Do It Because It's Fun

Some advice I give to people a lot is once you have a good grasp on your preferred language you should build something you're passionate about or something you enjoy.

With new programmers a lot of the struggle is habit building. Getting into the groove of studying and learning takes time. And it's a lot easier if you're having fun while you're doing it.

Now the key like I said before is to try and create a project that you find interesting. You may be thinking, "But I only like nuclear physics... how am I going to write a program about that?"

The key here is not to build some elaborate project... at least not at first. You could create a project that asks you Nuclear Physics questions and you can keep track of correct answers and provide a scoreboard.

Then you can build on that idea. You can add multiplayer support. A timer to answer the questions. Some fun animations, etc. Just add onto it piece by piece until you have something.

Play Ball

I'm not particularly fond of Baseball. I played Little League as a kid, I umpired games for the really small kids, and I played in High School. But I sort of lost interest in it after that.

I decided to do this project because I had given this project to people that I had mentored in the past and I wanted to see how difficult it really was, (maybe I was asking too much of them). Now, I didn't build a Baseball game with full 3D graphics and controller support. It's basically just a bunch of HTML output in the browser:

A baseball scoreboard with Away Team and Home team, outs, strikes, balls, who is at bat, and runners on base

I've abstracted away a lot of the complexity. You don't swing at a pitch or anything. You just pitch the ball. Then a random number generator will either make that pitch a "strike", or a "ball". Once you get to 4 balls the batter is "walked". If you get 3 "strikes" the batter is out. Basically I just use the fundamental rules of baseball to keep track of everything.

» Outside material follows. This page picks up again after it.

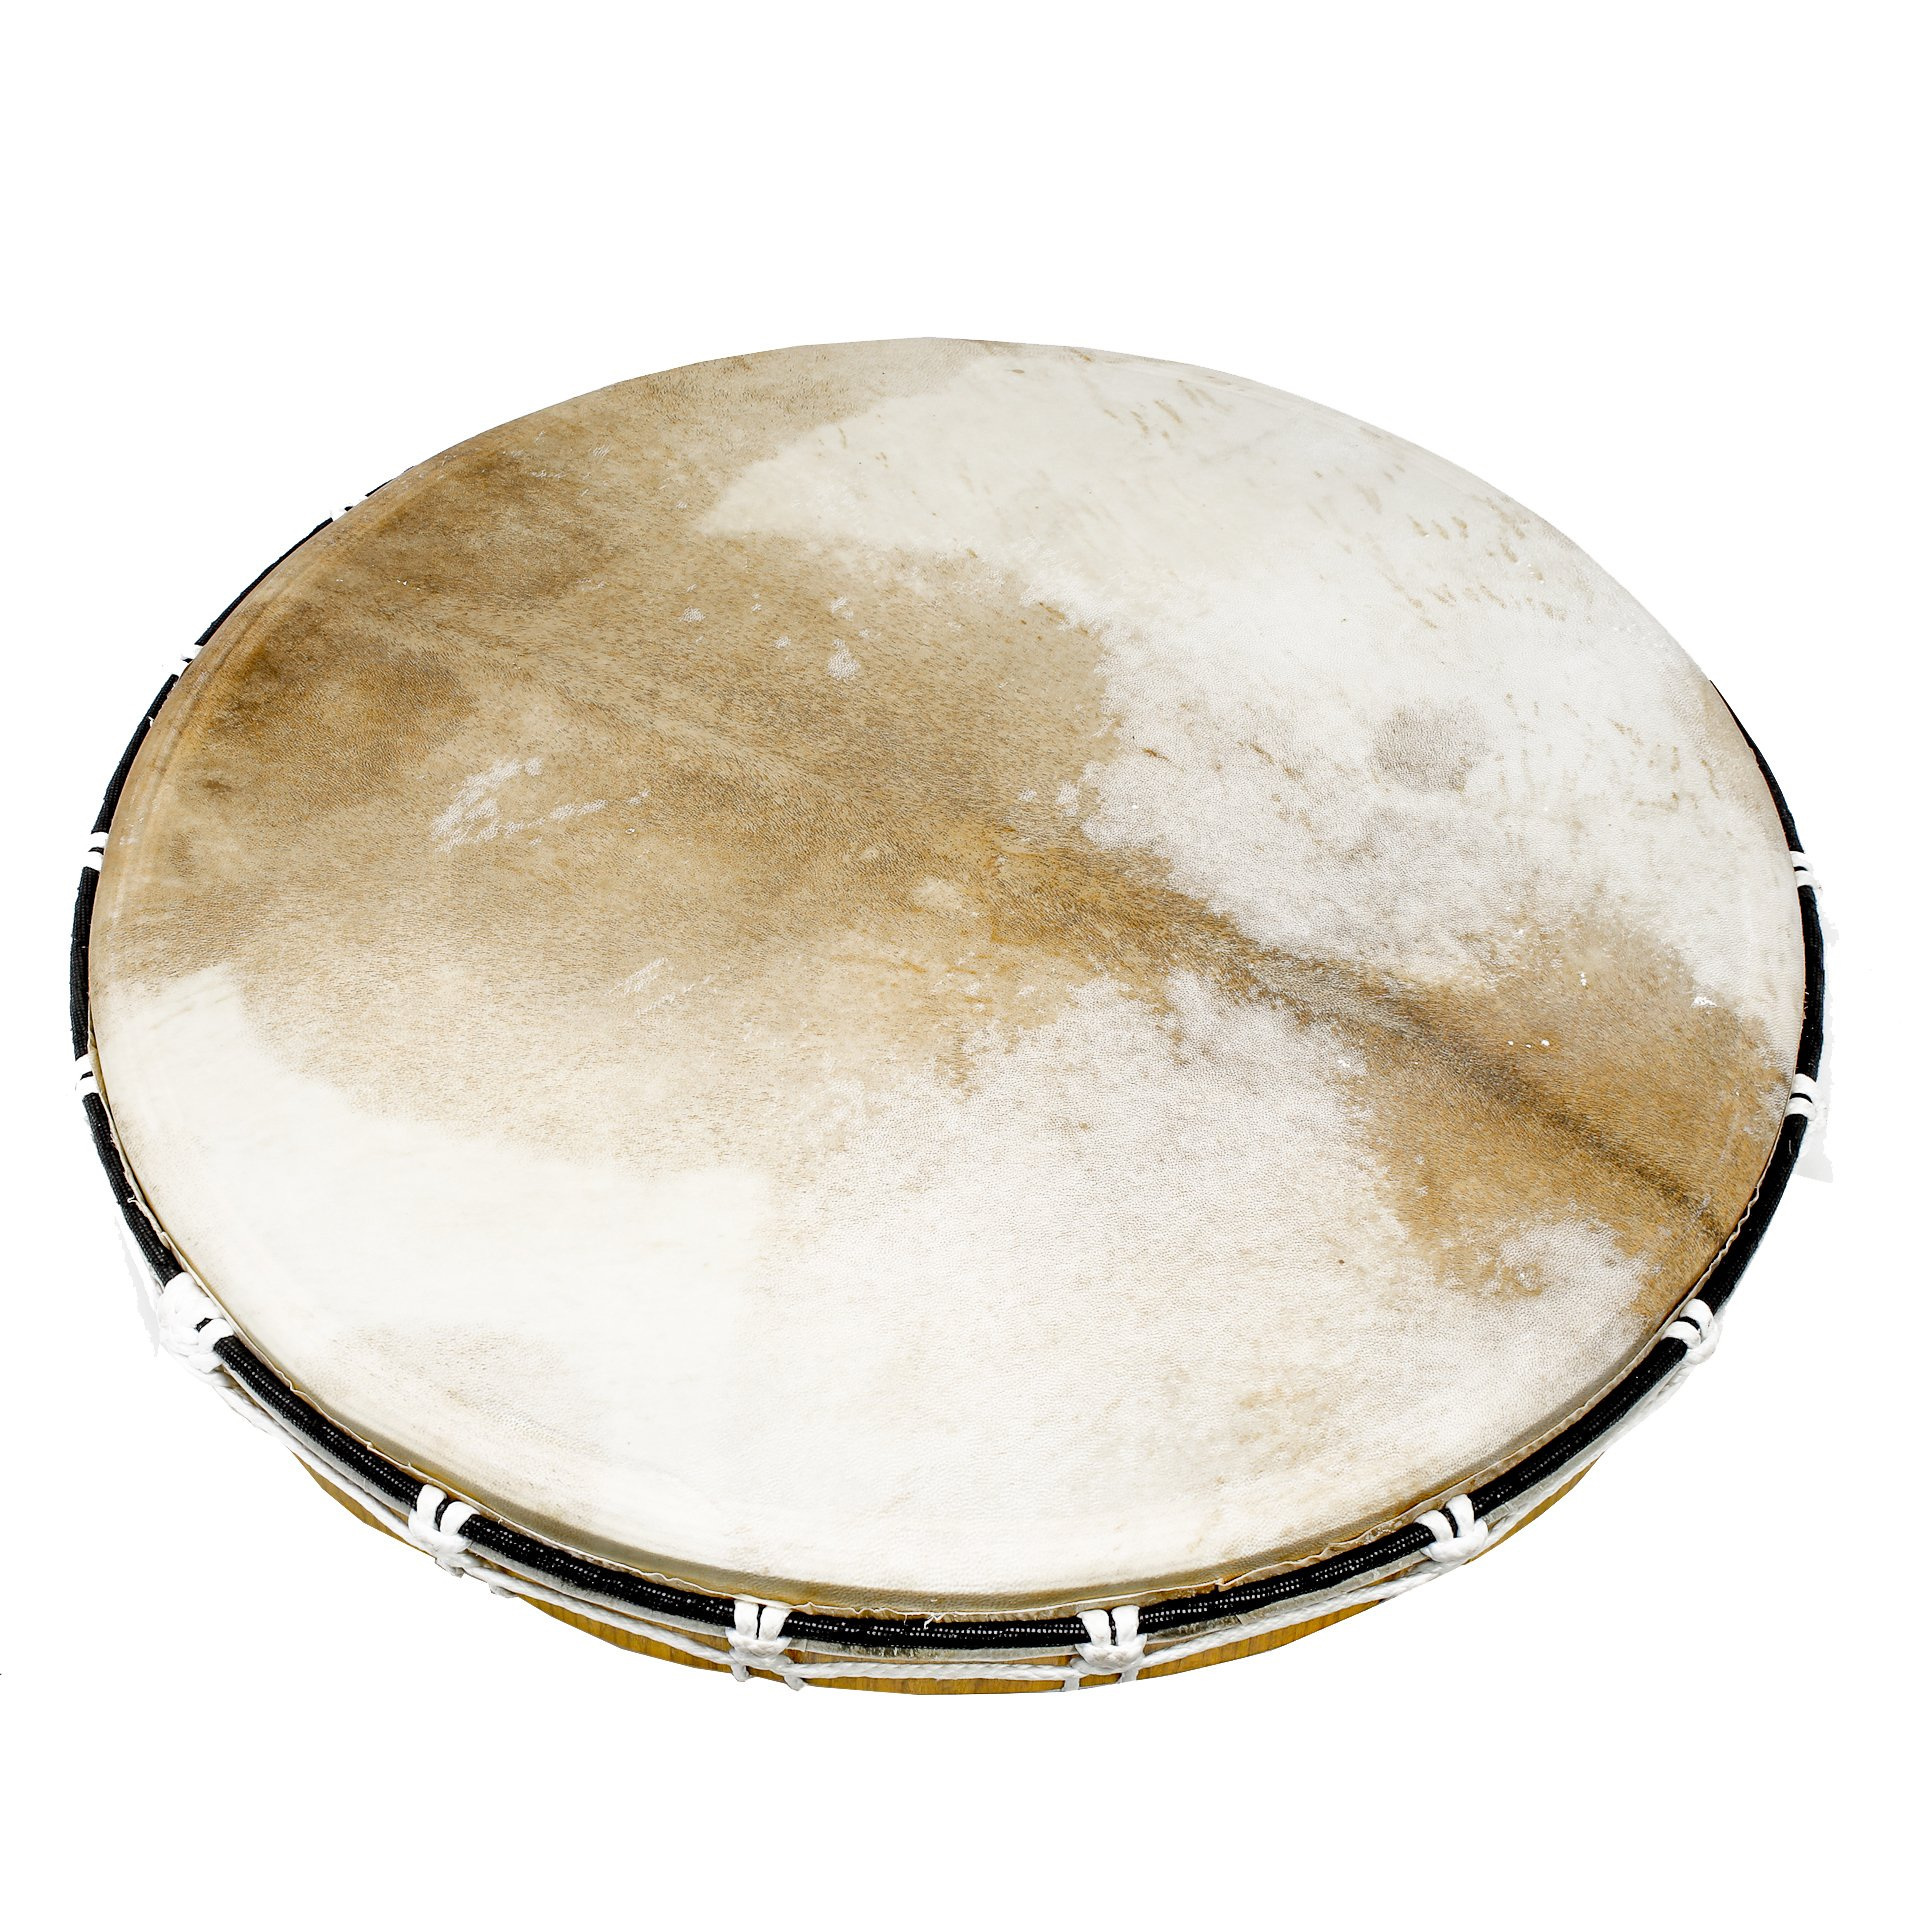 Vermaken astronomie formaat Drums – Merlyn | The Spirit of Sound & Music | webshop

A code file showing a switch statement

I picked baseball because it's a relatively slow paced game but you can really do this with anything:

  • Horse Racing
  • Tennis
  • A simple solar system simulator
  • Cricket
  • A (Pet) Program where there is a creature of some sort that you have to take care of.

There are tons of options. Pick something you enjoy and simulate it. Start small, and build the project up. Do you think that Twitter or Dev.to started out the way they are now? Nope. Twitter probably had the ability to login and send a message and that was it. You probably couldn't like, follow, retweet, block, mute, etc. They built an app with minimal functionality and build up from there.

Here is the link to my easy-baseball repo if you'd like to take a look at the whole project. You can run it yourself and try and figure out how it works. It's actually not a lot of code so don't be intimidated. Just go have a look.

If you want you have my full permission and encouragement to build on this project. There isn't a lot of functionality and there are a few bugs. See if you can find them and fix them.

Thanks for reading and that's all y'all.

Top comments (6)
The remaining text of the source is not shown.